Клермонт написал, что Аллегру необходимо перевезти в более здоровый климат, если она хочет выжить, и умолял Байрона отправить их дочь к ней в Баньи-ди-Лукка , город с прохладным горным климатом. [18] Однако Байрон не хотел отправлять Аллегру обратно на воспитание в семью Шелли, где он был уверен, что она заболеет от вегетарианской диеты и будет научена атеизму . Он указал, что все остальные дети в семье Шелли умерли: [19] первые трое детей Шелли умерли в раннем возрасте. Байрон верил слухам о том, что четвертый ребенок, Елена Аделаида Шелли , была дочерью Клермонт от Шелли и сводной сестры Аллегры. Елена умерла в приемной семье в 1820 году в возрасте семнадцати месяцев. [20] [21]
Шелли писал своей жене Мэри, что Аллегра выглядела бледной и тихой, когда он увидел ее в 1818 году. [16] Когда он снова увидел ее в августе 1821 года в монастыре капуцинов Святого Джованни в Баньякавалло , школе-интернате, которую посещали дочери дворян, он снова почувствовал, что она выглядит слишком бледной. Аллегра была высокой и стройной для своего возраста, с вьющимися светлыми волосами, голубыми глазами и тонкими чертами лица. Она двигалась грациозно. На ней было белое муслиновое платье с черным шелковым фартуком и панталонами. Во время своего трехчасового визита к Шелли она показала ему кровать, на которой спала, стул, на котором она обедала, и маленькую коляску, которую они с лучшей подругой использовали во время прогулок по саду. «Я принесла ей корзину сладостей , и прежде чем съесть что-либо из них, она дала своим друзьям и всем монахиням порцию», — писал Шелли. [17] Шелли был взбешён римско-католическим образованием, которое она получала, хотя изначально он сказал Байрону, что одобряет её отправку в монастырь.

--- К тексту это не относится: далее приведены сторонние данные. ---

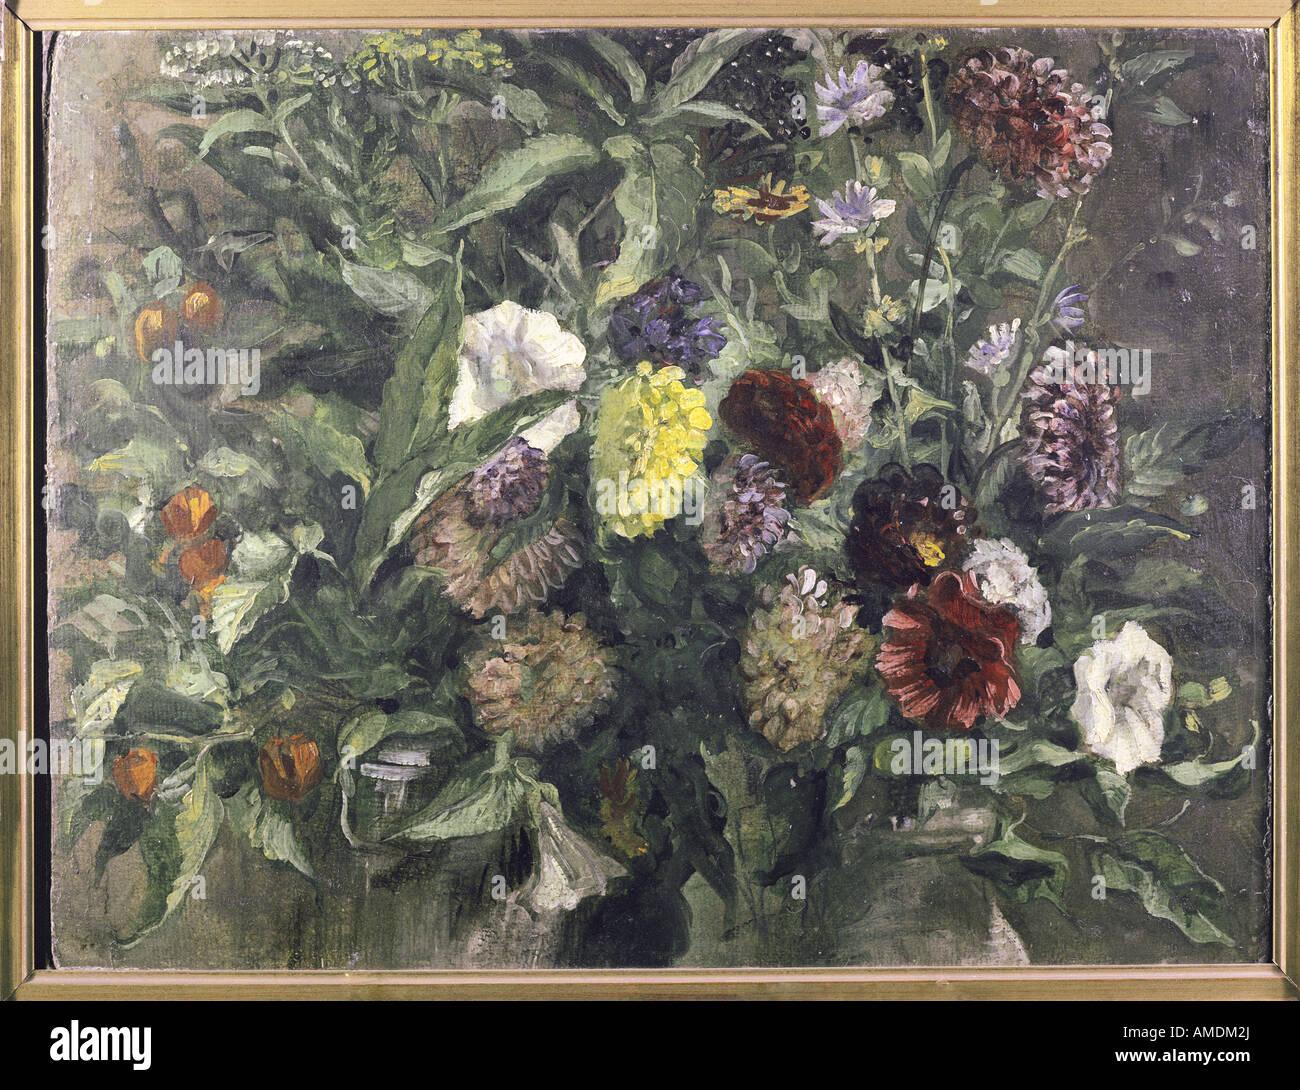 Beaux-arts, Delacroix, Eugène (1798 - 1863), peinture, stil life de fleurs, vers 1849, huile sur carton, Kunsthalle Banque D'Images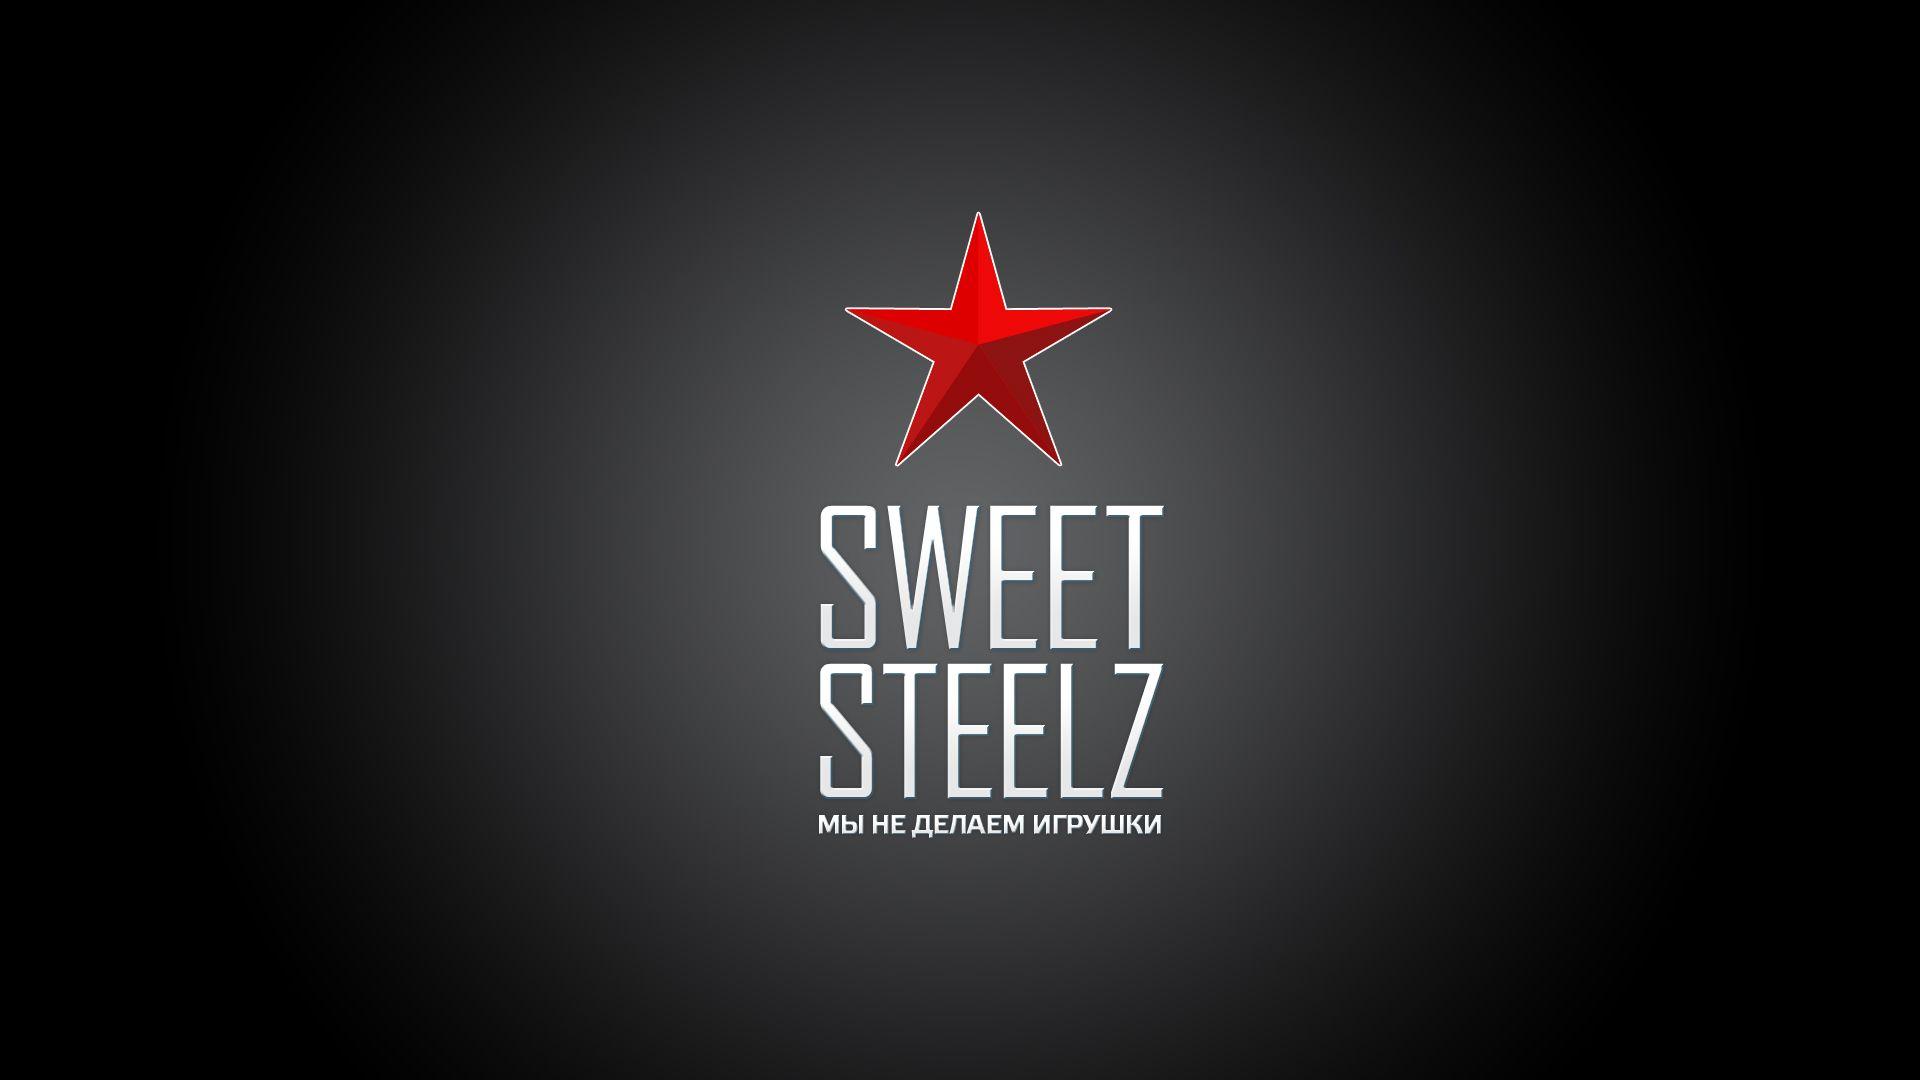 Лого и фирм. стиль для шоколадных военных моделей - дизайнер StereoStereo

Аллегра теперь знала некоторые молитвы наизусть. [17] «(Кроме) Рая и ангелов... у неё есть огромный список святых — и она всегда говорит о Бамбино ... Идея воспитывать такое милое создание среди такого мусора до шестнадцати лет!» — писал он. [22]
После пяти месяцев в монастырской школе ее поведение также улучшилось; она охотно подчинялась монахиням и была хорошо дисциплинирована, хотя Шелли не думал, что монахини были с ней слишком строги. [23] Хотя Шелли считал, что маленькая девочка была более серьезной и созерцательной, чем он помнил, он сказал, что она не потеряла свою «чрезмерную живость». Монахини не ругали ее, когда Аллегра разыграла их во время визита Шелли. Некоторые из монахинь спрятались из виду, пока Шелли, игравшая с Аллегрой, носилась по монастырю. Затем Аллегра позвонила в колокольчик, который использовался для сбора монахинь, и настоятельнице пришлось быстро сказать монахиням оставаться на месте, чтобы они не вышли в состоянии беспорядка. [24]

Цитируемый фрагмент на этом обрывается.